The CEO of Voyages, Grant Hunt, said the airport had followed all NT health guidelines to the letter and was the only operator in the country using independent contractors to perform contract screening from departure airports.

Mr Hunt said they had introduced temperature checking upon arrival at Yulara Airport as an additional safety measure.

He said he did not understand the singular focus on this airport, when there were more than 400 drive-in travellers in the area from all over the country.

From an economic perspective, Mr Hunt said if the airport was forced to close again, it would stay shut until international arrivals return, meaning 700 jobs would be lost.

“Let me be clear. Without planes, we don’t have a business,” Mr Hunt said.

Who makes the decision to close the park?

The decision of whether the Uluru-Kata Tjuta National Park remains open or stays closed will rest with Parks Australia.

Uluru-Kata Tjuta National Park was closed for three months during the coronavirus pandemic and reopened on June 19.

Mr Gunner said his preference was for all interstate flights into the Northern Territory to arrive in Alice Springs or Darwin.

The Chief Minister said transporting people over 440kms from Yulara Airport to Alice Springs for mandatory quarantine was an additional pressure on staff.

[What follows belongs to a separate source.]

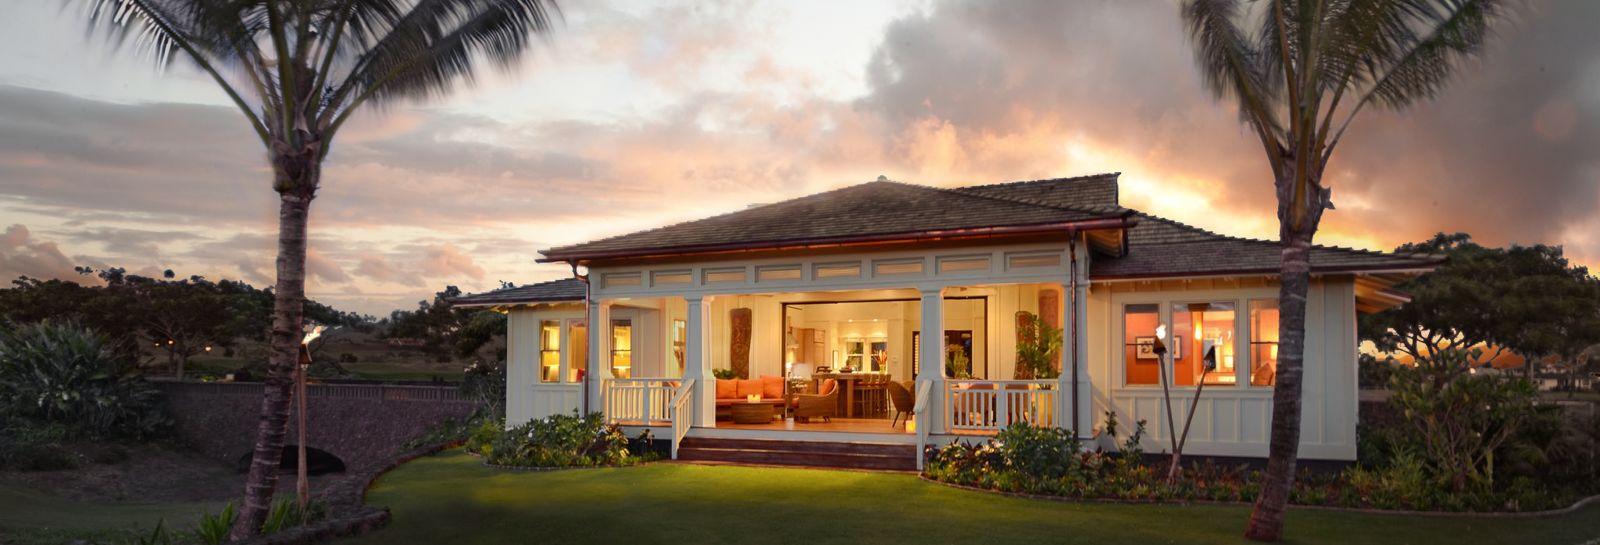 Kauai Club Bungalow

“I want all those planes to come into the Northern Territory to land at once of those places like an Alice Springs or a Darwin, that would be what I want, rather than Yulara, it creates a logistical difficulty for us in taking those people from the Yulara airport to Alice Springs. If we have to do it, we will,” Mr Gunner said.

“For us, we don’t have and don’t want a quarantine facility at the rock.”

Yulara Airport is privately run by Voyages and regulated by the Federal Government.